1) The majority ought not be given an outsized authority. Simply because a lot of people agree to something doesn’t make it right. Votes by majorities in certain circumstances may have to carry the day in certain decisions since that will be the only way to get widespread agreement, but the ideal political system would be well preserved from day to day control by majority rule.
2) The members of any given society ought to be cohesive. That is, the members of a society ought to share a common set of beliefs and practices. A society of atomized individuals who have lost any shared cultural customs with their neighbors is a society that is no longer anything but a geographic area governed by a central authority. The state ought to promote assimilation, inclusion, and adherence to custom and convention.
3) The state should operate on the principle of subsidiarity. That is, the lowest competent authority should make decisions, pass laws, and settle disputes. The further removed the government is from the people, the less it should interfere in the day to day lives of its people. This keeps the government close to home and under the watchful eye of the citizens. It also prevents aggregation of power to one central authority. This also preserves variety because it allows people living in different places to follow different customs and laws.
4) The means of production and ownership of land ought to be spread as widely as possible so as to maximize the equal participation of the citizenry in society. This best preserves human dignity against the totalizing forces of the central planners, whether communist or capitalist. As G.K. Chesterton once said, “Big business and state socialism are very much alike, especially big business.”

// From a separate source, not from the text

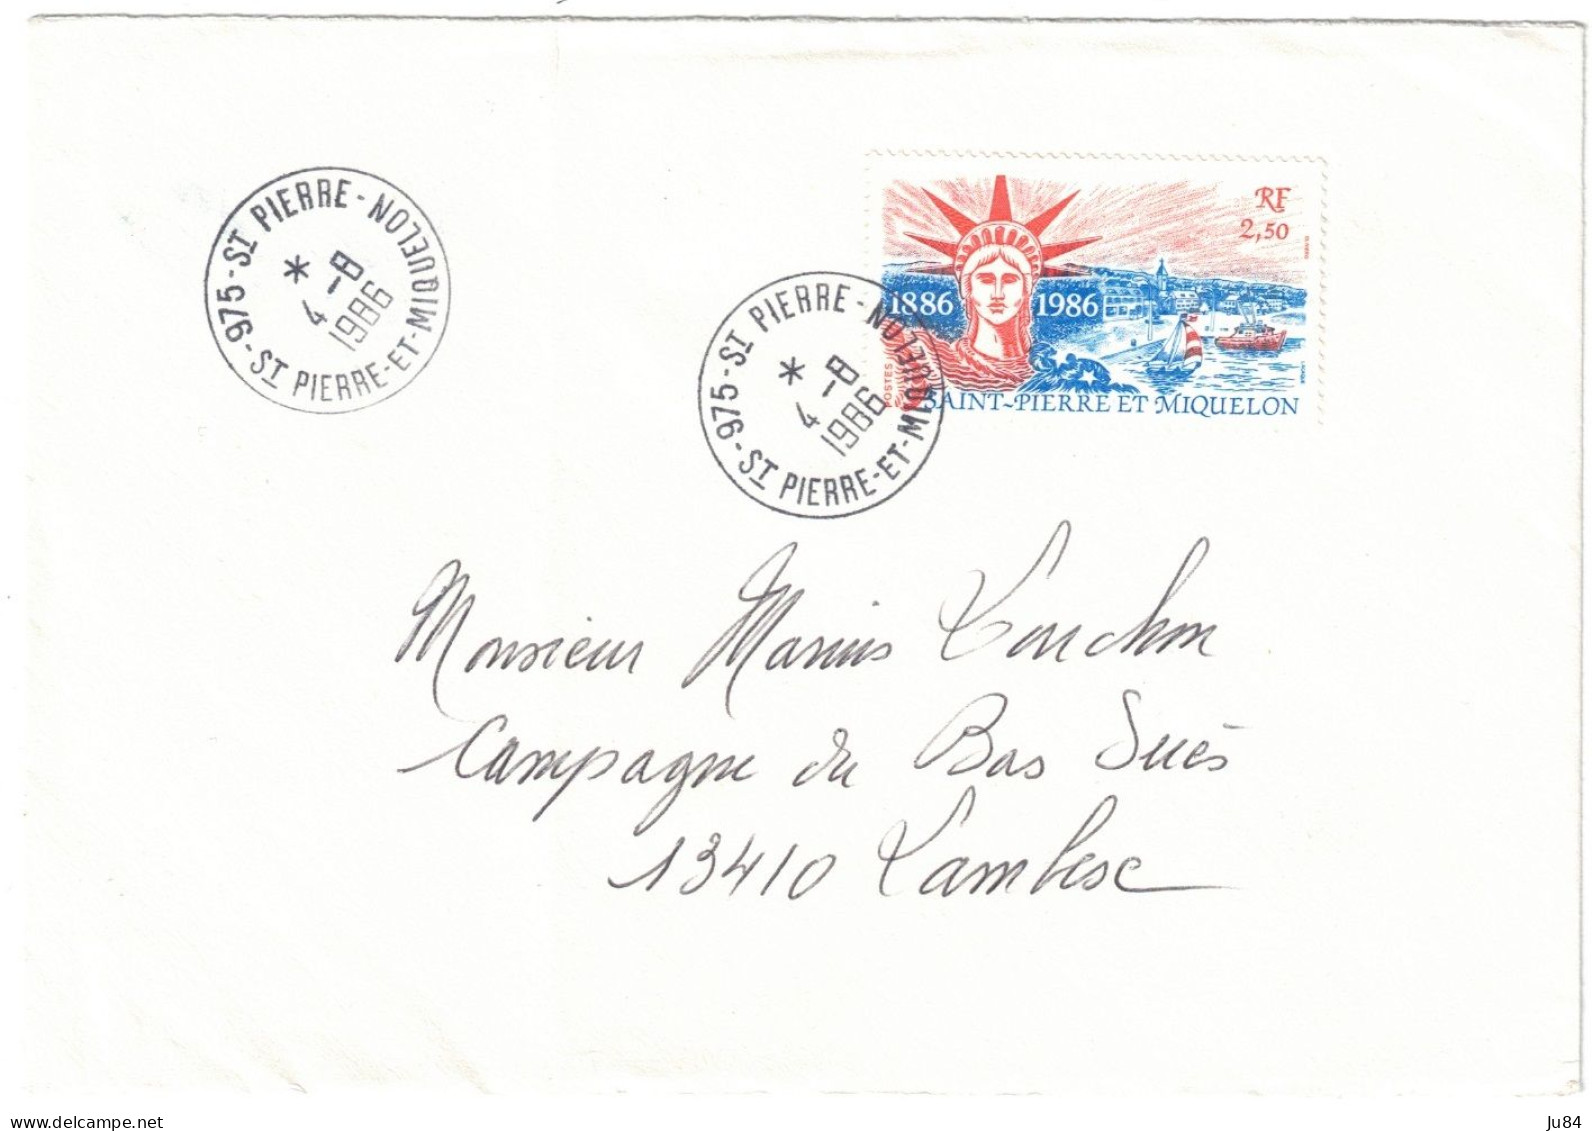 Saint-Pierre Et Miquelon - St Pierre - Secteur 975 - 2,50 RF Seul Sur Lettre - Lettre Pour La France - 4 Août 1986 - Covers & Documents

5) The state ought to recognize the obligations, institutions, customs, rights, and prerogatives that logically precede the state. For example, the state ought to respect marriage, and enforce it in its traditional sense, because marriage is an institution that is tied to the people of a place rather than to the legal fiction created by the state. In respecting these things that precede the state, the state is upholding its sacred duty to conform itself to nature and to its people, the people who make up the polis.
6) The state ought to seek a balance between liberty (that preserve of man in which he both sins and reigns) and virtue. That is, the state should seek the cultivation of virtue in the citizenry, but not through the use of draconian force. Rather, the promotion of virtue should be winsome, in collaboration with willing religious institutions, and should be ordered toward the common good.
7) The state ought to be severely restricted in its use of coercive force against the citizenry. Robust rights to protection from unreasonable search & seizure, freedom of speech and religion, and equal protection under the law ought to be preserved and affirmed.
8) The state should govern in such a way as to preserve the status quo unless their is ample justification provided for change. Change for the sake of change (the myth of progress) is a lie with no merit. We are no better than the “barbarians” who came before us. Change should be gradual and organic, not quick and technocratic. The society is a living organism and cannot be changed from the outside in except that the character of that society be eliminated.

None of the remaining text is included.